В ту пору европейские астрономы считали Солнце твердым телом. Говорили даже о фантастических жителях Солнца, которые населяют солнечные пятна — твердую темную поверхность светила. Русский гений высказал о природе Солнца глубоко правильные суждения, на столетие опередившие время:

Там огненны валы стремятся 
И не находят берегов, 
Там вихри пламенны крутятся 
Борющись множество веков; 
Там камни, как вода, кипят, 
Горящи там дожди шумят.

Особый интерес у Ломоносова вызывали астронавигационные приборы и телескопы. Сын моря, он хорошо понимал, сколь необходимы рыбакам и мореплавателям точные измерительные инструменты, позволяющие определить координаты находящегося в открытом море корабля, и создал целый ряд простых и надежных приборов для измерения угловых высот звезд. Ломоносову принадлежит идея создания «ночезрительной» трубы и принципиально новых конструкций телескопов в количестве более десятка.

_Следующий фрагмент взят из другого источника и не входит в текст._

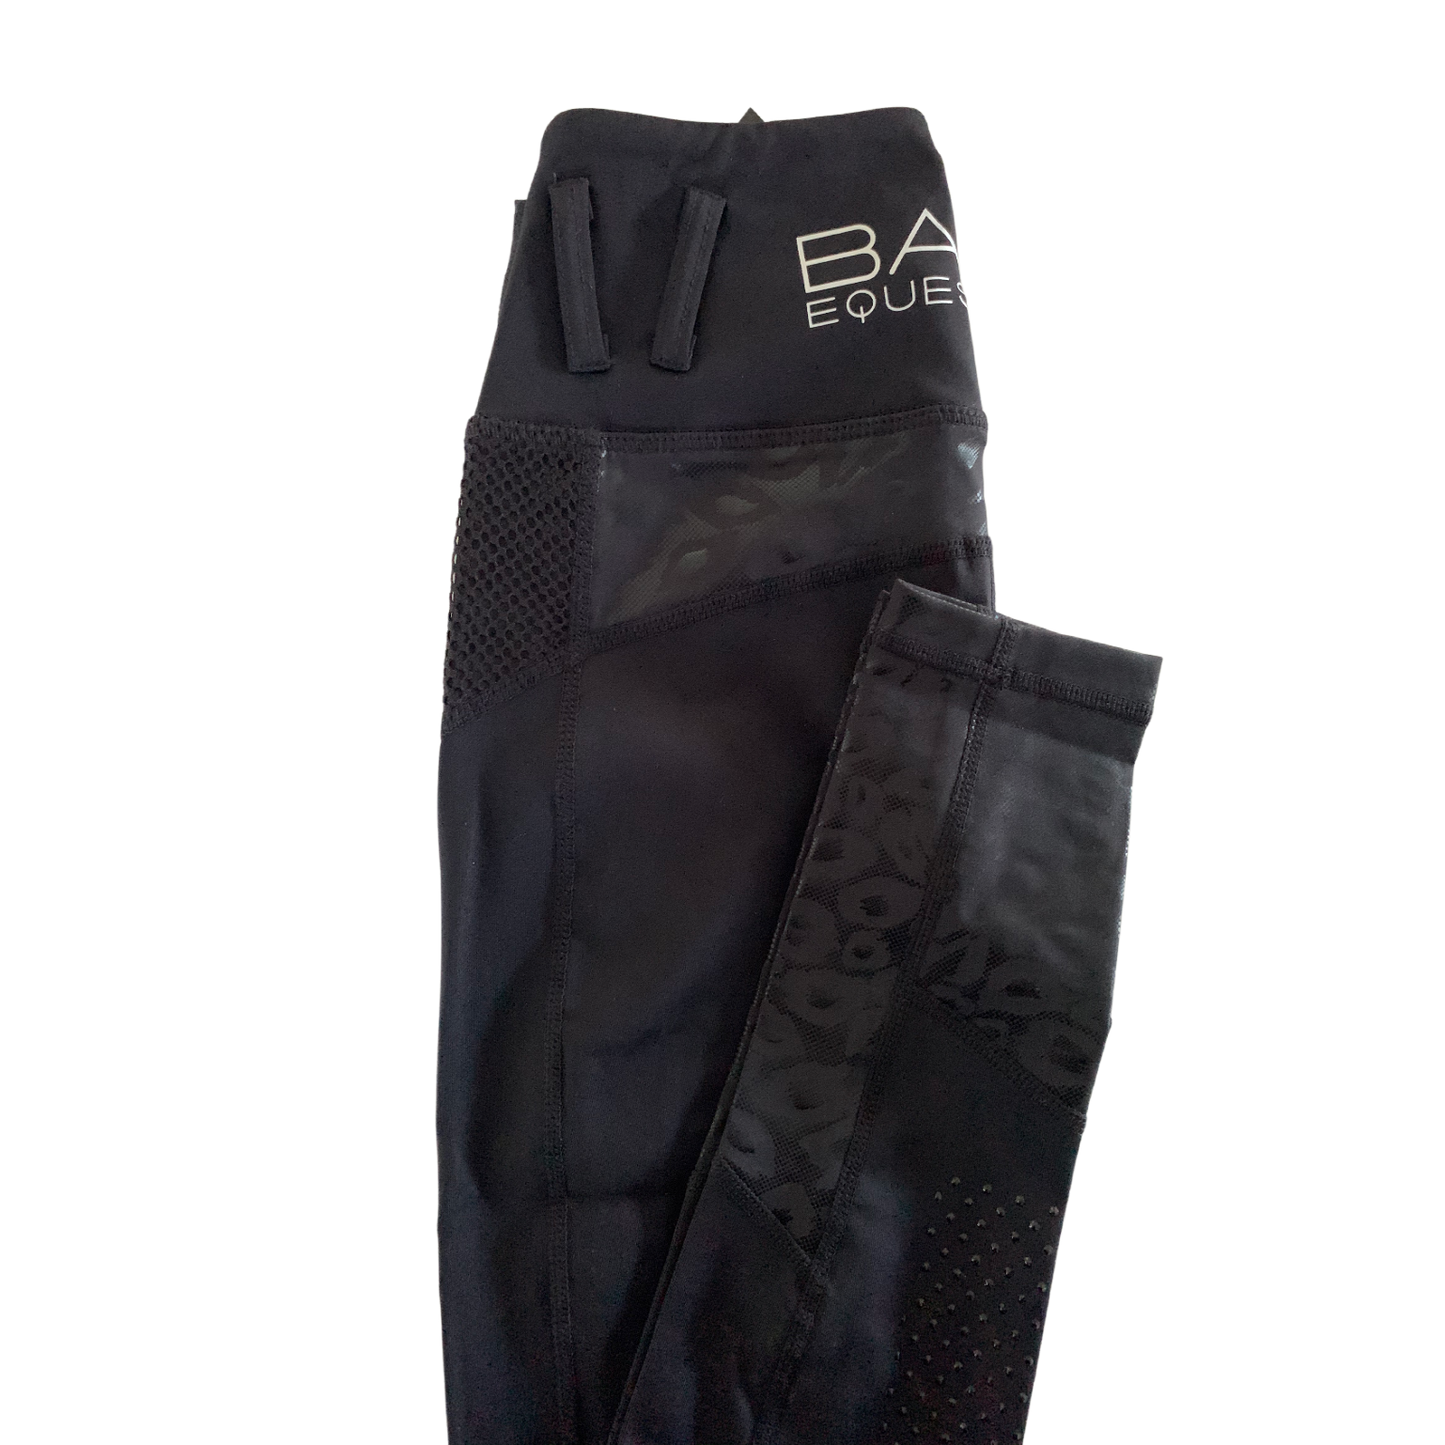 Black horse riding tights with logo, mesh, and grip detailing.

Ломоносов был первым человеком в России, который читал публичные лекции по физике и астрономии на русском языке, способствуя тем самым распространению научных знаний в массах. Популяризаторская деятельность ученого не может не вызывать восхищения. Он способствовал или, попросту говоря, усиленно хлопотал о том, чтобы вопреки церковному запрету появилось второе издание переведенной Кантемиром книги французского ученого Фонтенеля, в которой излагалась система мира Коперника. Сам Ломоносов перевел на русский язык книгу Христиана Вольфа «Физика»; он уделял большое внимание разработке русской научно-технической терминологии, стремясь, чтобы язык науки был максимально близким к живому разговорному языку.

В марте 1758 года Ломоносов был поставлен во главе Географического Департамента Академии наук. Громадная территория России к тому времени оставалась почти сплошь белым пятном. Опытный астроном, Ломоносов понимал, что развитие картографического дела невозможно без регулярных наблюдений из опорных пунктов, которые должны быть расположены по всей стране.

За месяц до смерти Михаил Васильевич закончил составление «Примерной инструкции морским командующим офицерам, отправляющимся к изысканию пути на восток Северным Сибирским океаном».

Этот документ, призывавший русских мореплавателей проложить кратчайший путь к Дальнему Востоку по Северному Ледовитому океану, заканчивался такими напутственными словами: «Мужеству и бодрости человеческого духа последний еще предел не поставлен, и много может еще преодолеть и открыть осторожная их смелость и благородная непоколебимость сердца».

Он умер в расцвете творческих сил, 54 лет от роду, 4 апреля 1765 года. Огромный вклад Ломоносова в развитие естествознания и особенно  астрономии дает полное право называть его первым русским исследователем космического пространства. Как завещание великого ученого и пламенного патриота своей страны воспринимают потомки его строки:

О вы, которых ожидает 
Отечество от недр своих, 
И видеть таковых желает, 
Каких зовет от стран чужих, 
О ваши дни благословенны! 
Дерзайте ныне ободренны 
Раченьем вашим показать, 
Что может собственных Платонов 
И быстрых разумом Невтонов 
Российская земля рождать...

Письма из Петербурга 4837 года  

Потомок Рюриковичей князь Одоевский Владимир Федорович (1803 –1863) – великий русский мыслитель и писатель с мировым именем.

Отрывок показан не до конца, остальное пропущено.